Employees have expressed concern about sharing the road at all hours with brothel clientele. The plant, which produces vinyl products, operates seven days a week, 24 hours a day and employees are coming and going at all hours. The complaints started Wednesday and are increasing, according to Case.

"We're a growing business and there are a lot of job opportunities here, but this issue may discourage people from commuting here," said Kavin Henry, a production manager at Royal Sierra. "How would you feel if there was a brothel in your back yard?"

Case said the company is also concerned about the impact on property values and the impact of the brothel on economic diversification efforts. Gary Duhon, attorney for both companies, echoed that concern.

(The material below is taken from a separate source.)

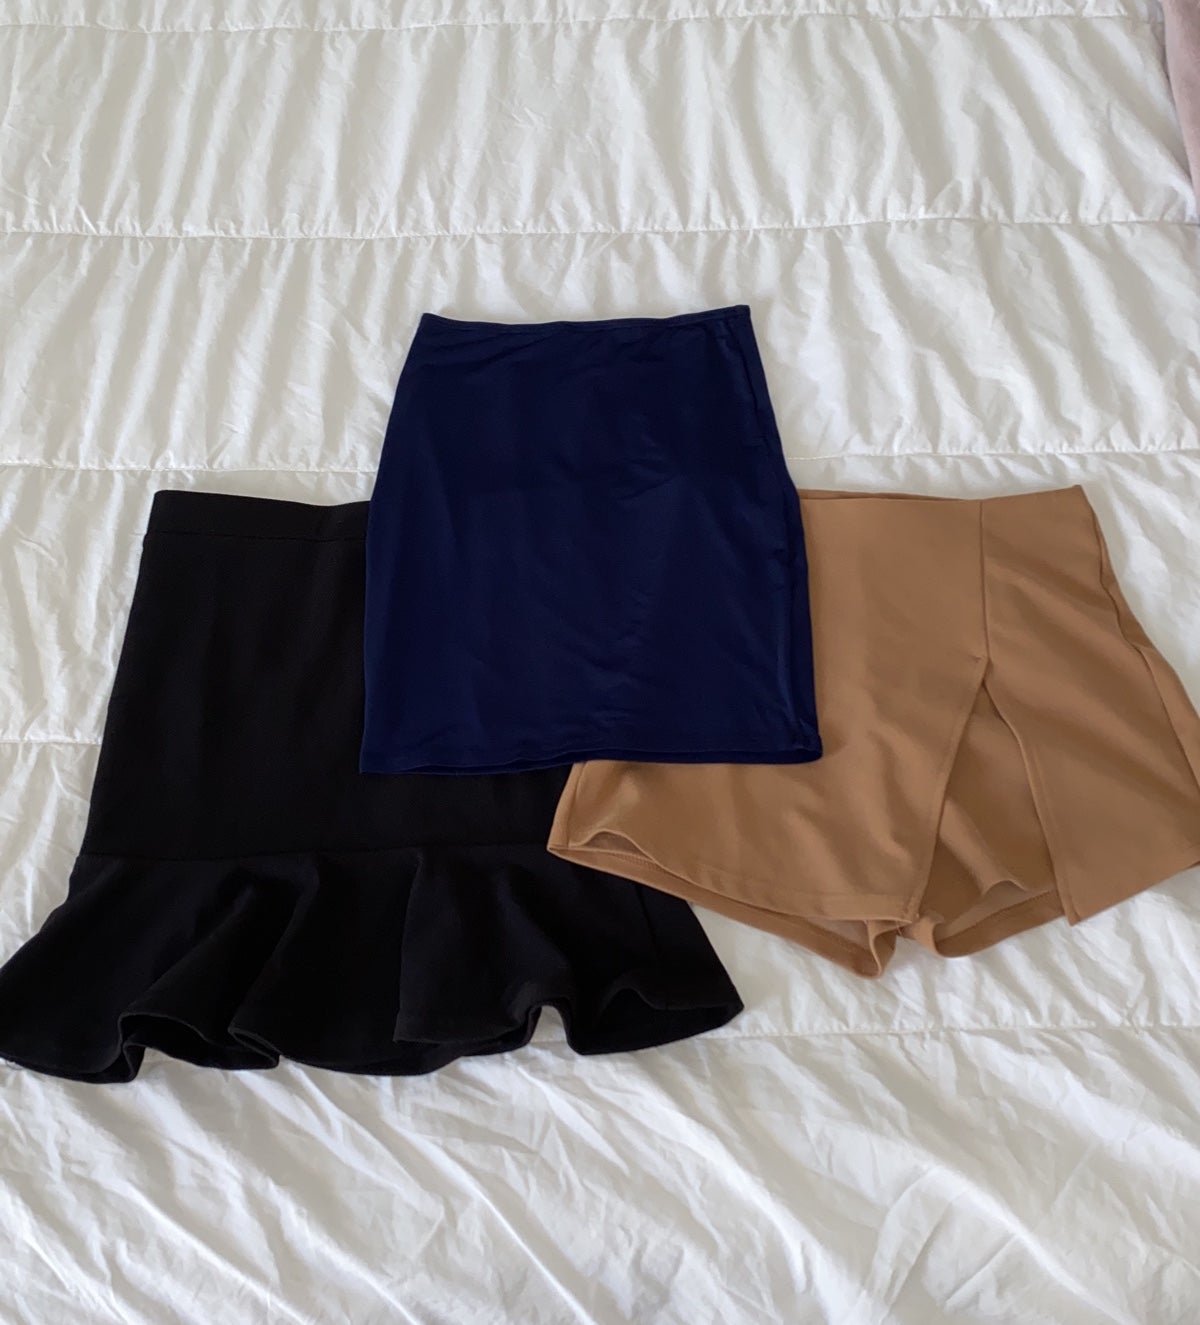 Discounted Skirt bundle glHCom4oF just for you

"We thought federal court was appropriate because this issue has dramatic impact on economic diversification in all of Northern Nevada," he said. "One of the concerns expressed by our clients was that the blue chip companies interested in the complex will be discouraged by the presence of the brothel. It creates an image in the mind of these companies, reflecting on the area as a whole. Northern Nevada was recently complimented concerning its business development in the Wall street Journal. This a black eye for the entire region."

Case pointed out that the industrial center's rules ban brothels on the property. He claims Gilman used the brothel ban as a selling point.

"I think locating the brothel this close to the (Industrial) Park is very shortsighted on Storey County's part. The brothel may end up costing the county a lot of high-end business and a substantial amount of money," Case said.